Two major projects protect Fish Creek from erosion and local flooding.
The original Fish Creek project in 1988 was required to stabilize the creek bed and prevent further bank erosion caused by increasing stormwater flows due to upstream urbanization. Original plans were to only stabilize the eroded areas; however, after placing survey markers to monitor the extent of continuing erosion, we found the creek bed had dropped up to three feet after a July 1987 storm event.
Therefore, the project scope was expanded to include an underground pipe for flood flows in the steepest section of the creek (about one-half mile). A surface channel was reconstructed for low flows. The project also included development of three upstream control structures to delay storm flows
After another major storm in October 2005, considerable damage impacted a series of embankments in the Fish Creek ravine. The creek had to be temporarily rerouted to allow District staff to fully assess the damage for permanent repair and restoration. After the assessment, it became evident that numerous areas throughout the ravine were severely damaged and eroded.
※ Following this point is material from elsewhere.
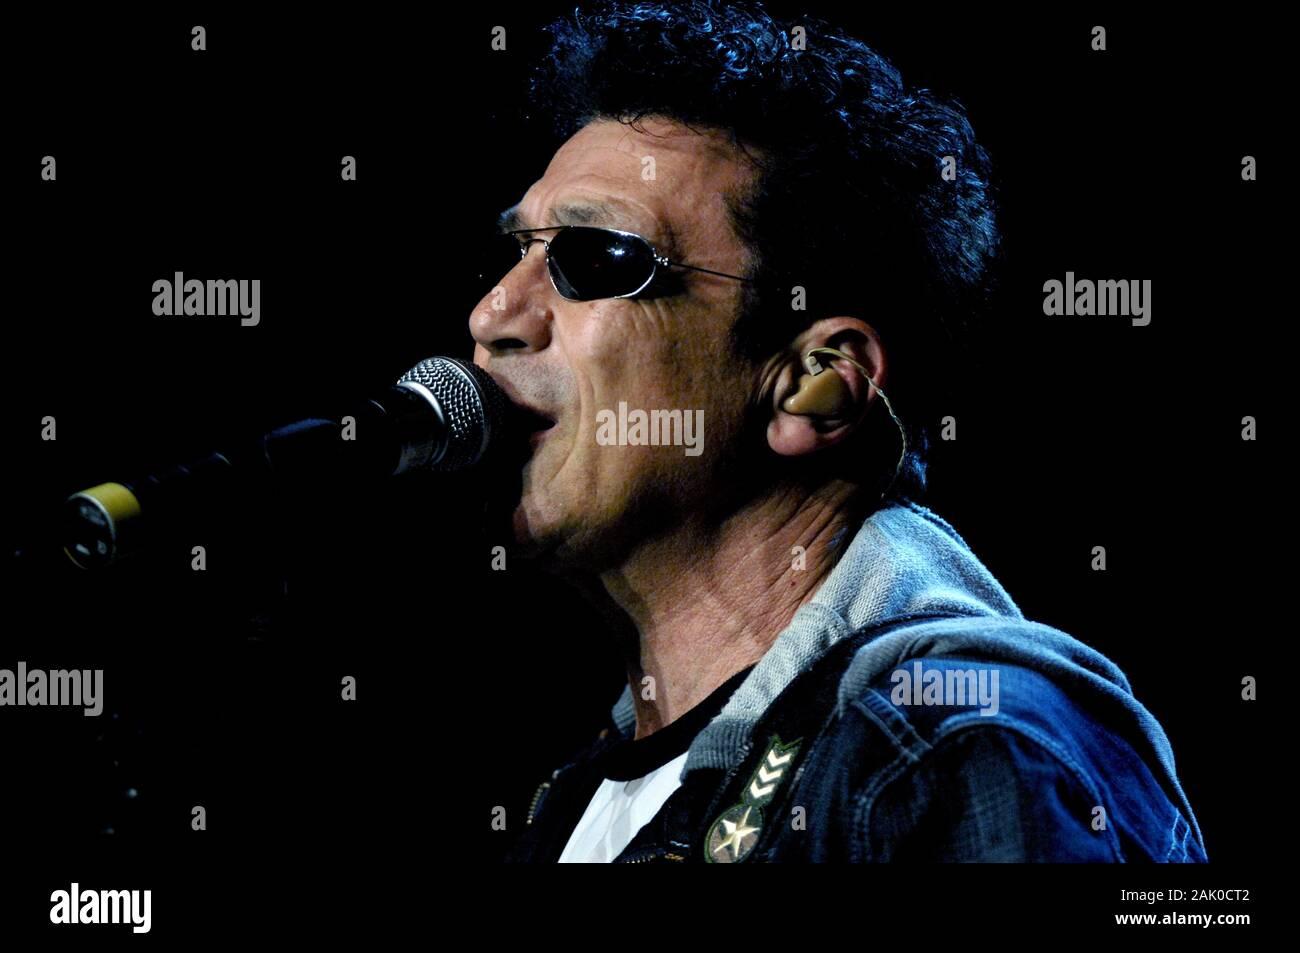 Milan Italy  25 March 2007 , Live concert of 25th birthday of Radio Italia at the DatchForum Assago: The singer Edoardo Bennato during the show Stock Photo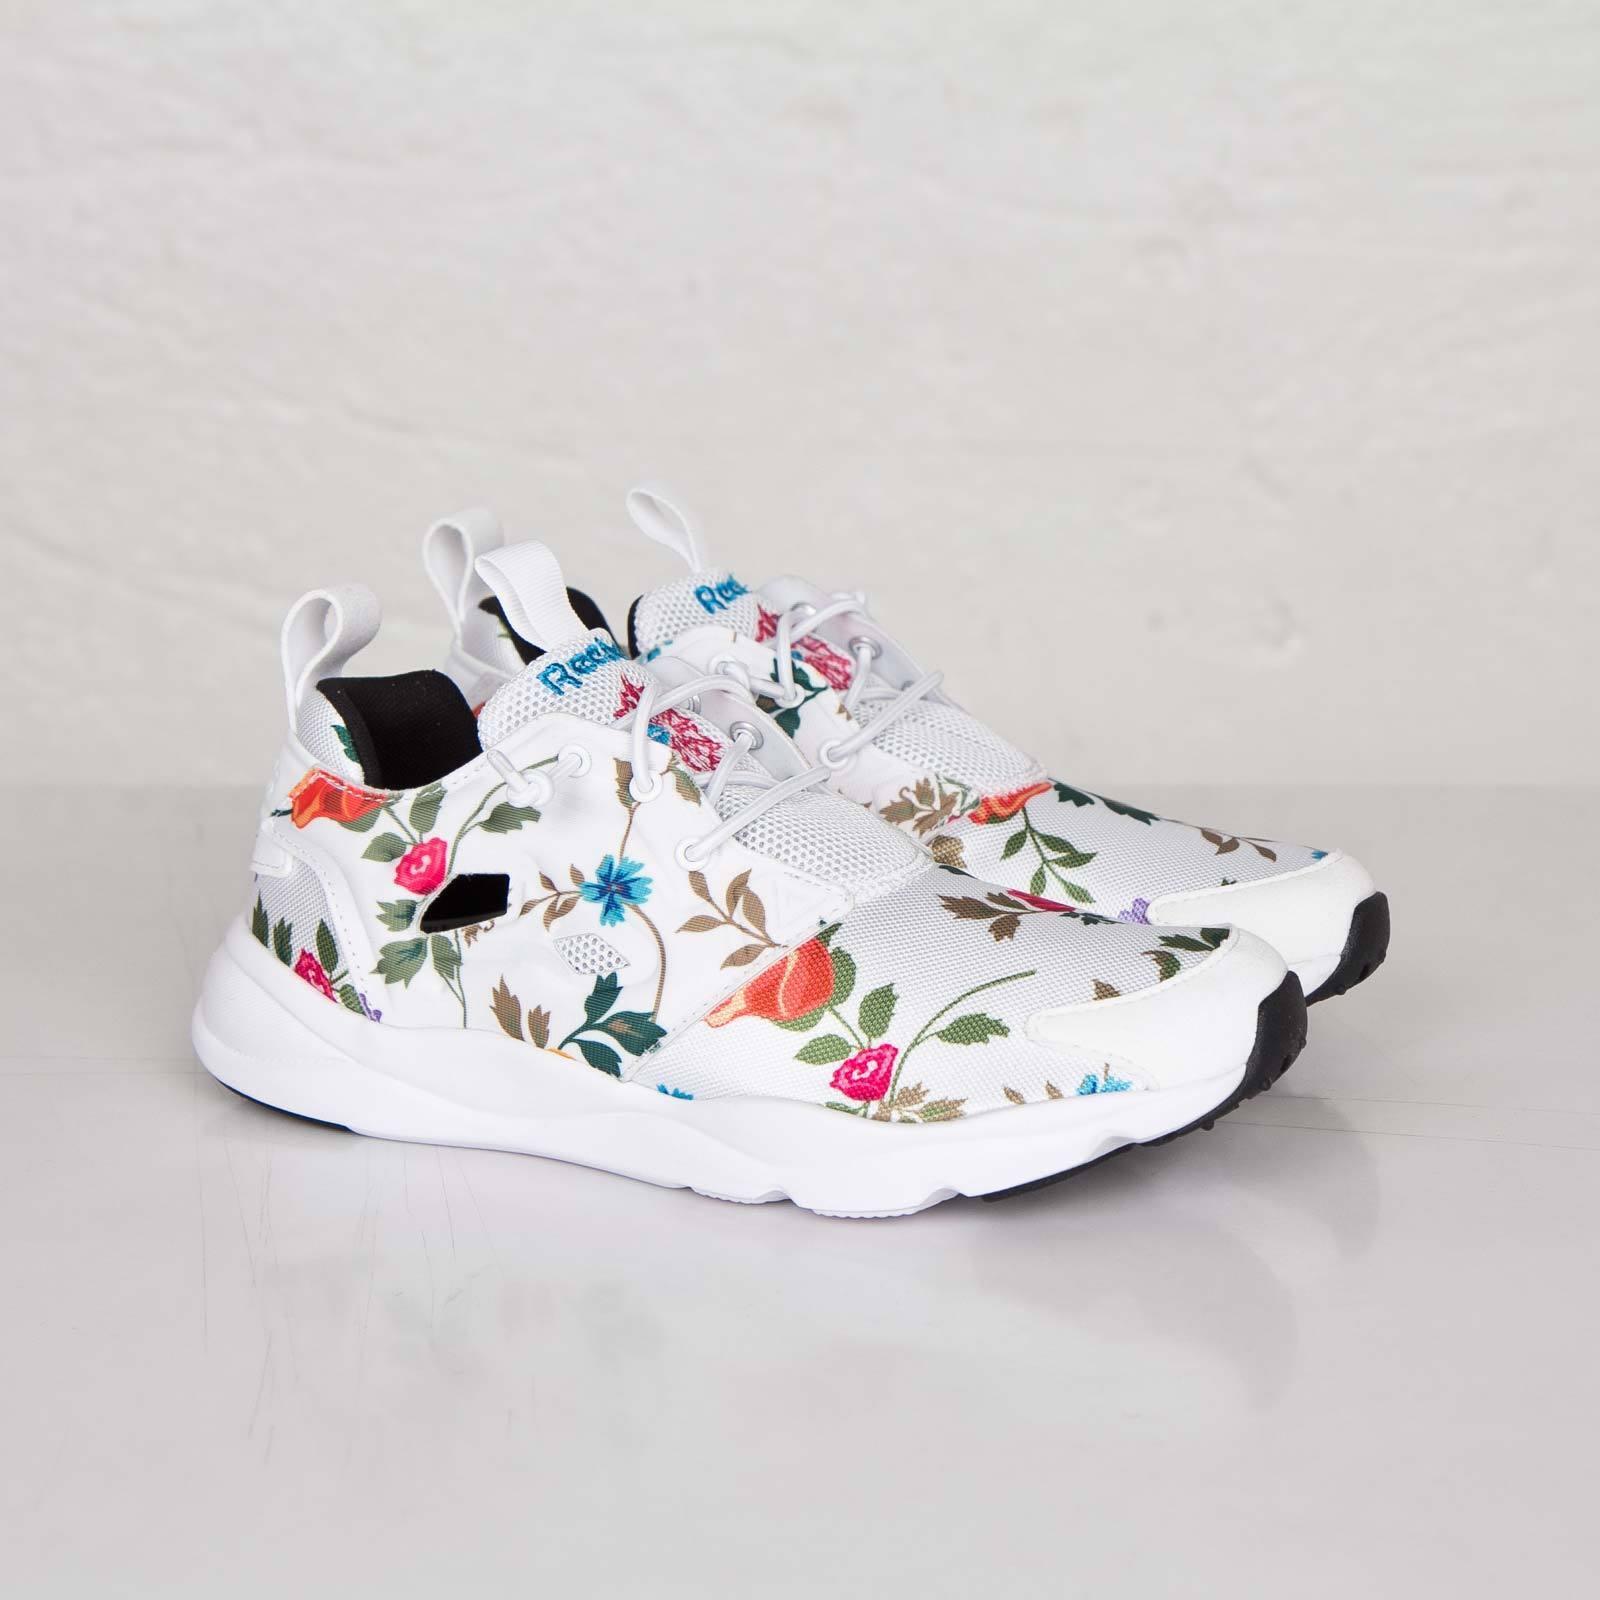 shoes N 42,5 UK 8,5 REEBOK FURYLITE SR ART. V63575 COL. BIANCO FIORI

Approximately 900 feet of channel and seven waterfall drop structures were reinforced and/or reconstructed. Additionally, three earth dams were removed to restore an open creek from I-494 to Highway 61. The flood flow pipeline was extended approximately 600 feet, and a new diversion structure was installed near I-494.
The flood flow pipeline extension now forces damaging flows to remain in the pipe until they discharge onto bedrock 400 feet upstream of Highway 61. The diversion structure routes low flows above ground to sustain the creek.